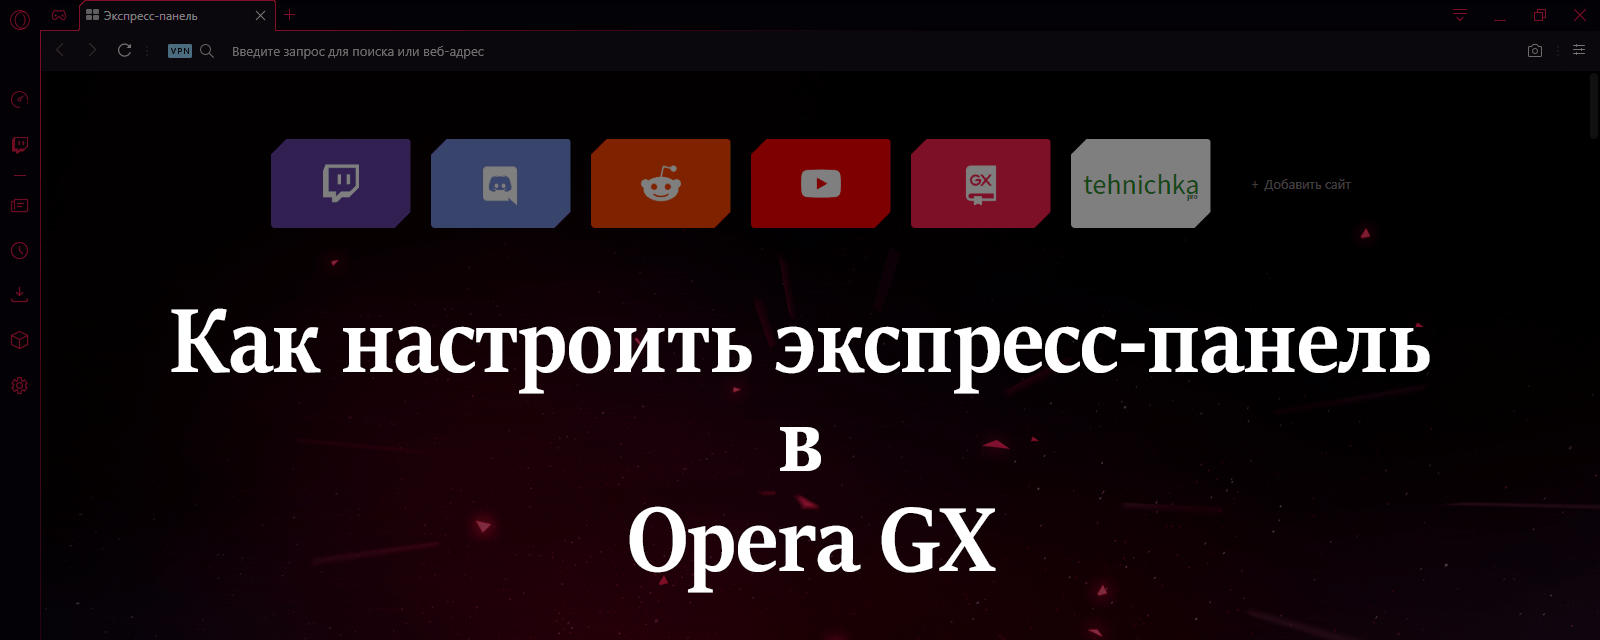 Как настроить экспресс-панель в Opera GX
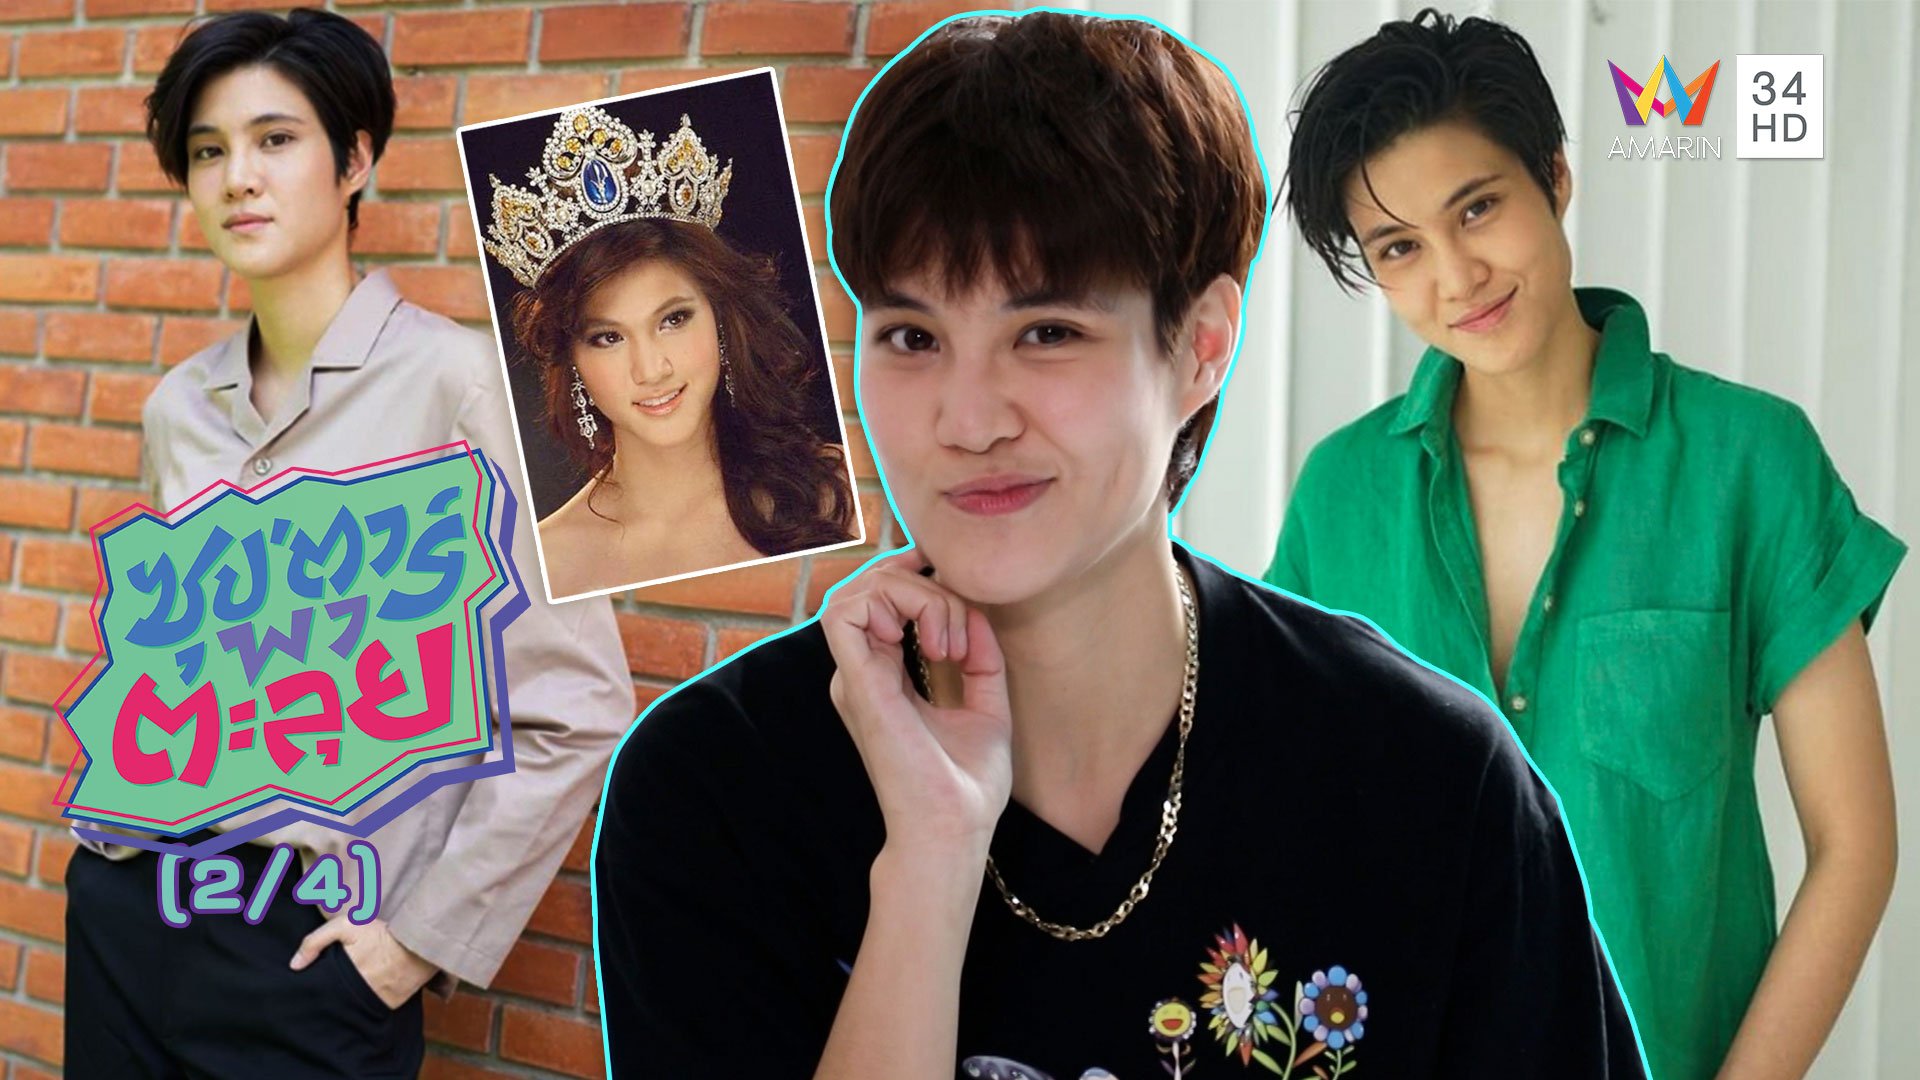 'หมอเจี๊ยบ ลลนา' ประกวดนางสาวไทย เพราะอยากช่วยเหลือสังคม | ซุปตาร์พาตะลุย | 17 ธ.ค. 63 (2/4) | AMARIN TVHD34
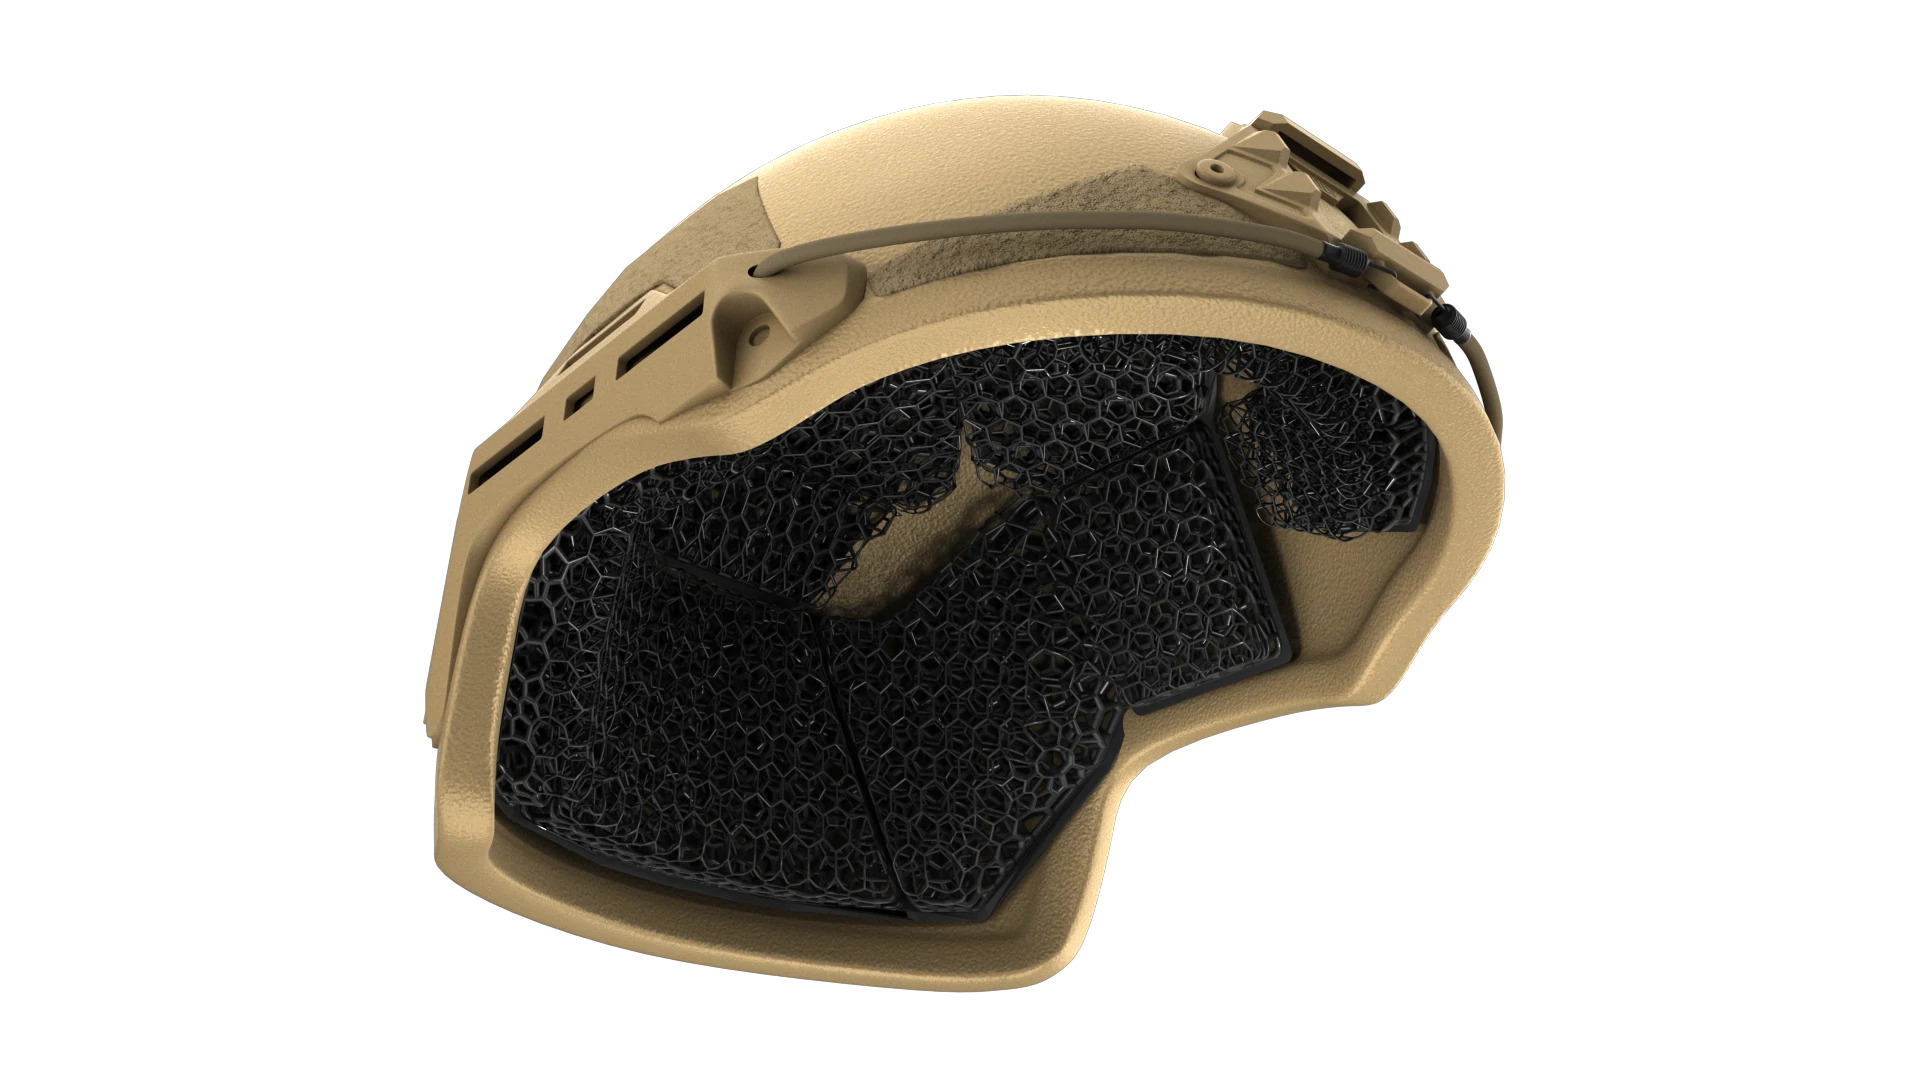 Micro lattice helmet Pad System on a helmet
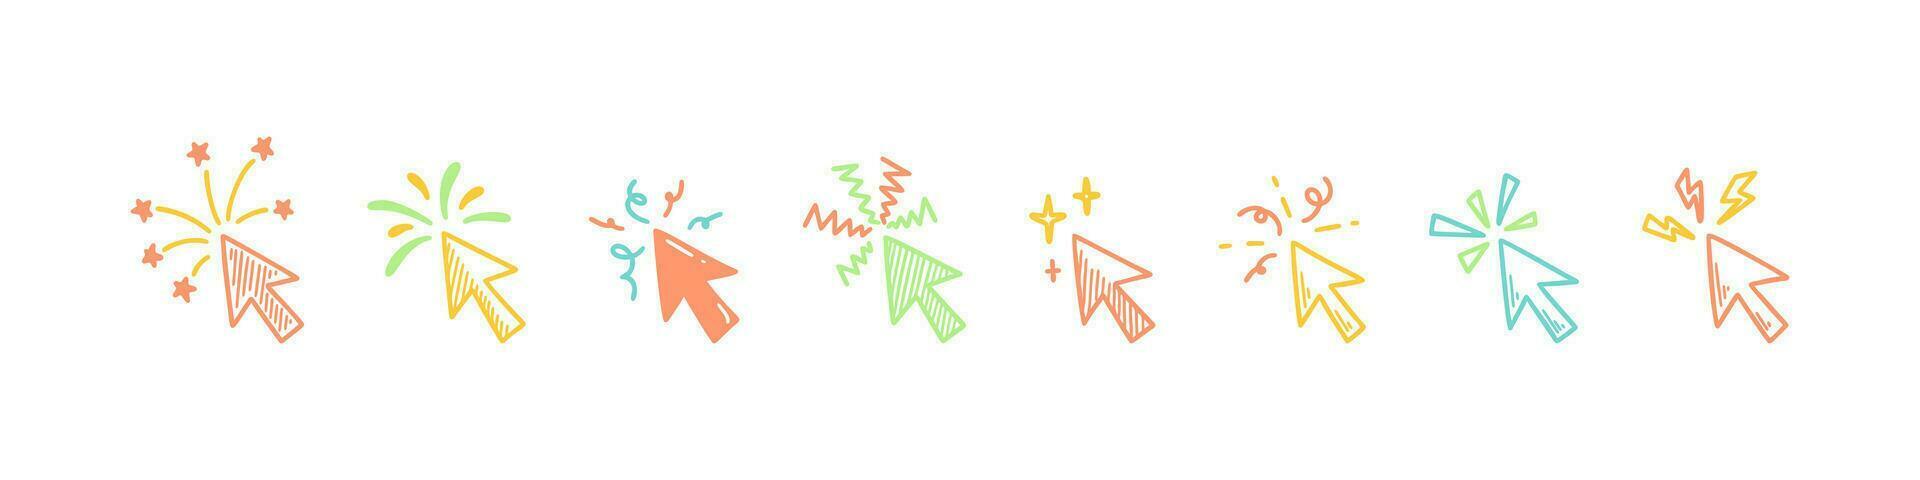 Urlaub Feuerwerk, funkeln und funkeln Pfeil Zeiger. Gekritzel klicken Mauszeiger. fröhlich Weihnachten und glücklich Neu Jahr Design Element. festlich skizzieren Vektor Illustration
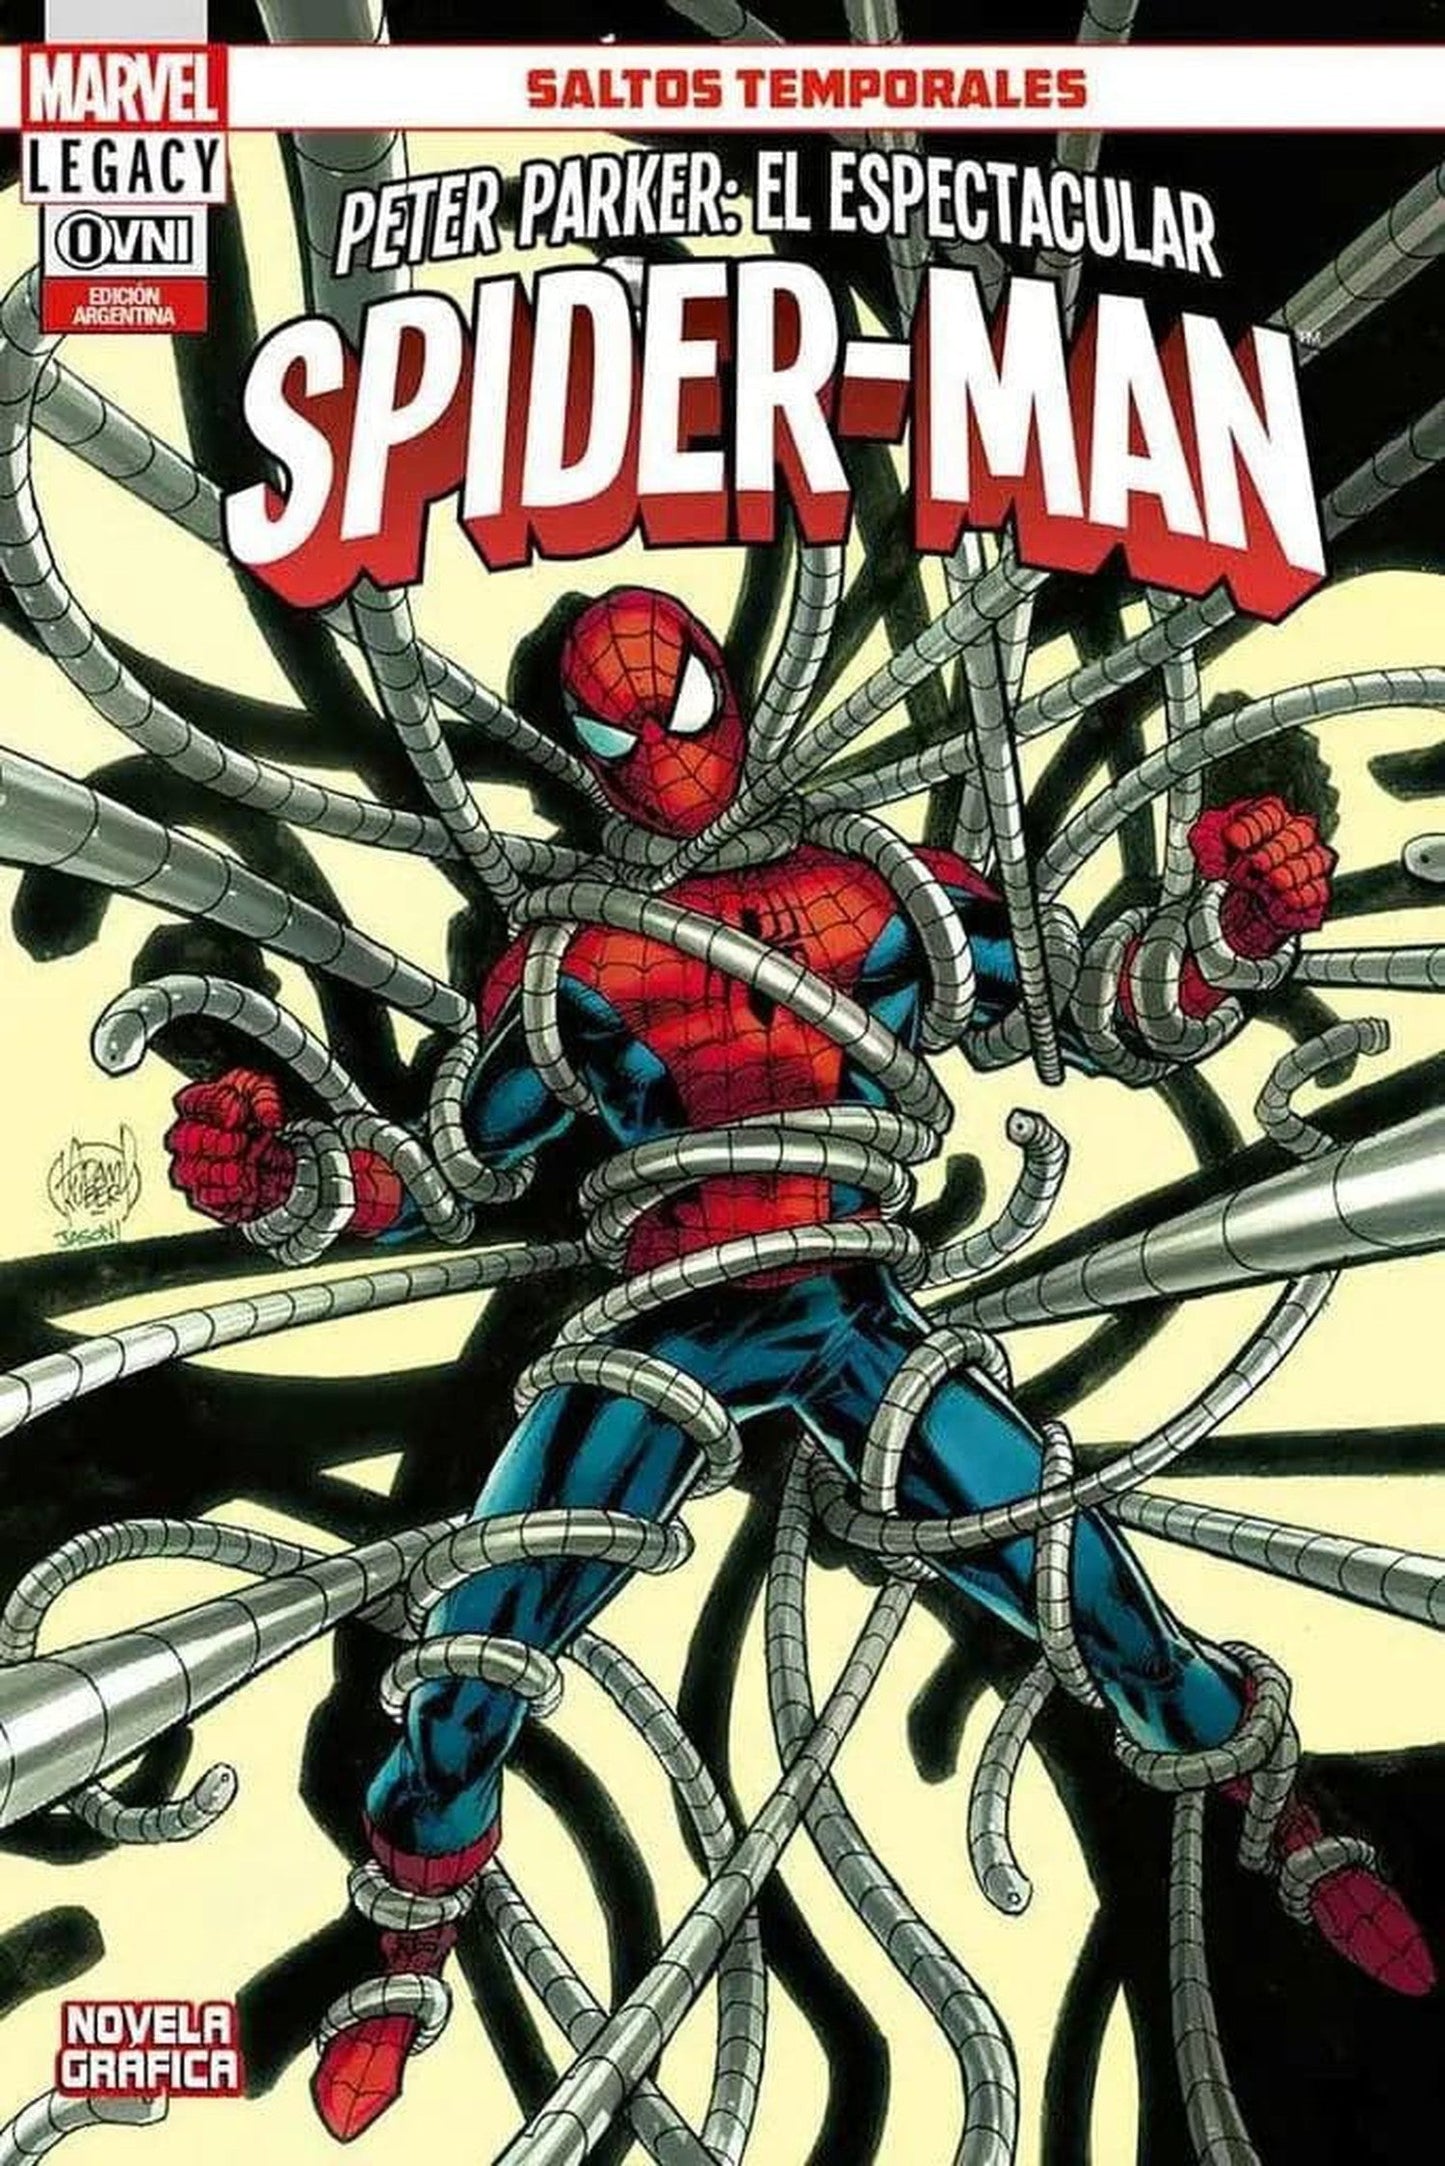 Peter Parker: El Espectacular Spider-Man Vol.3

ABOUT THIS TASK: Word for word, restate all of the data, but do not copy the pictures.

WRITTEN RESPONSE:
 Как настроить экспресс-панель в Opera GX
 'หมอเจี๊ยบ ลลนา' ประกวดนางสาวไทย เพราะอยากช่วยเหลือสังคม | ซุปตาร์พาตะลุย | 17 ธ.ค. 63 (2/4) | AMARIN TVHD34
 Micro lattice helmet Pad System on a helmet
 Urlaub Feuerwerk, funkeln und funkeln Pfeil Zeiger. Gekritzel klicken Mauszeiger. fröhlich Weihnachten und glücklich Neu Jahr Design Element. festlich skizzieren Vektor Illustration
 Peter Parker: El Espectacular Spider-Man Vol.3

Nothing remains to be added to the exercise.